My contact info is in my profile, it would be cool to see if we ran into each
other back then.

------
nerdy
I've been involved in the gamehacking scene for longer than I'd like to admit;
it's a tremendous amount of fun and feels rewarding but it's a very hollow
reward. Sure, you can build programs to manipulate game clients to do all of
those things. The problem is that there's most often no legitimate way to
openly bring the fruit of that labor to market as a result of the MDY vs
Blizzard case regarding wowglider[1] and more specifically with the DMCA.
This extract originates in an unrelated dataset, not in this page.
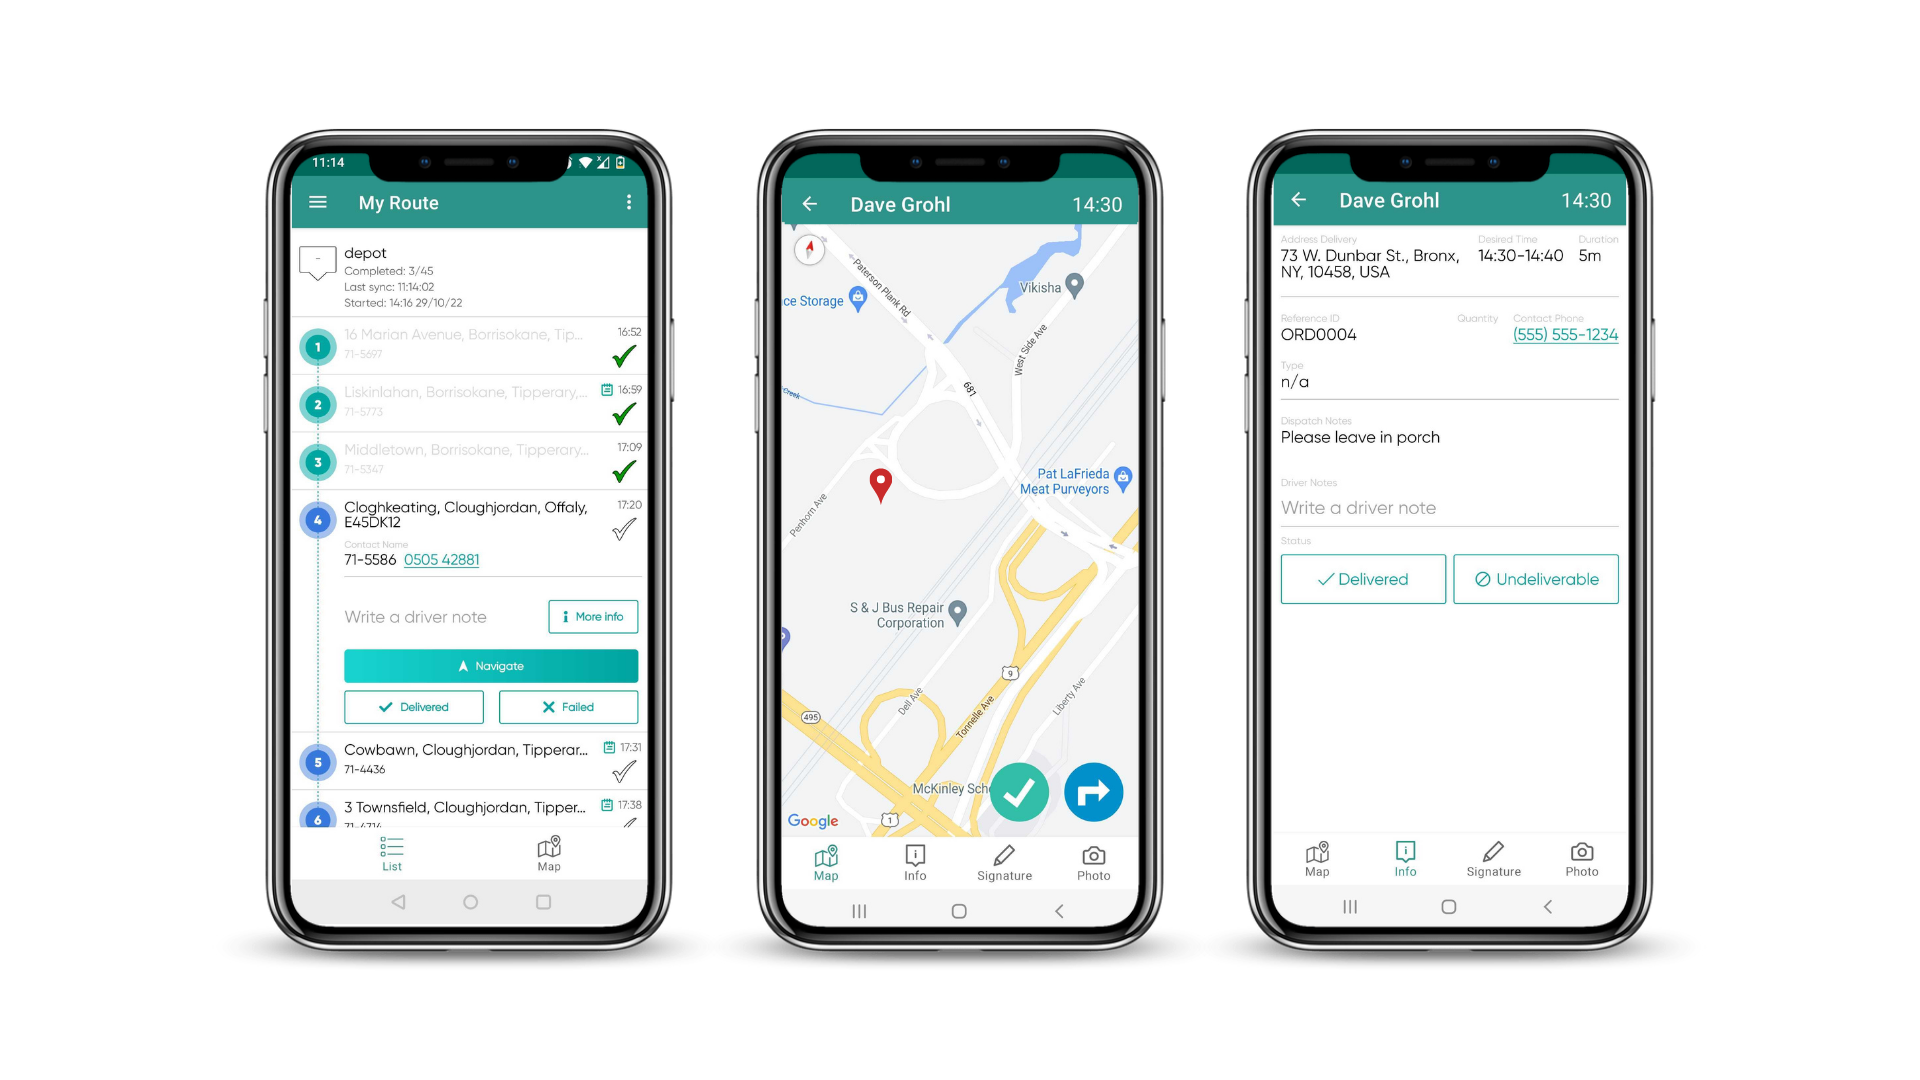 Delivery Driver App

I wasn't sued but paid for intellectual property counsel to examine how the
Ninth Circuit ruling would translate across the US and they didn't exactly
tell me to go ahead.

There are plenty of legitimate reasons to extend games, which is why WoW had
LUA and many other games are at very least hooked into for parsing
capabilities. These kinds of 3rd party parsers are in many cases not legal, so
not openly marketable.

So for anyone considering a future for-profit project, hire a lawyer and
review all those nasty agreements and see how the DMCA might come back to
haunt you before you're _too_ invested in it.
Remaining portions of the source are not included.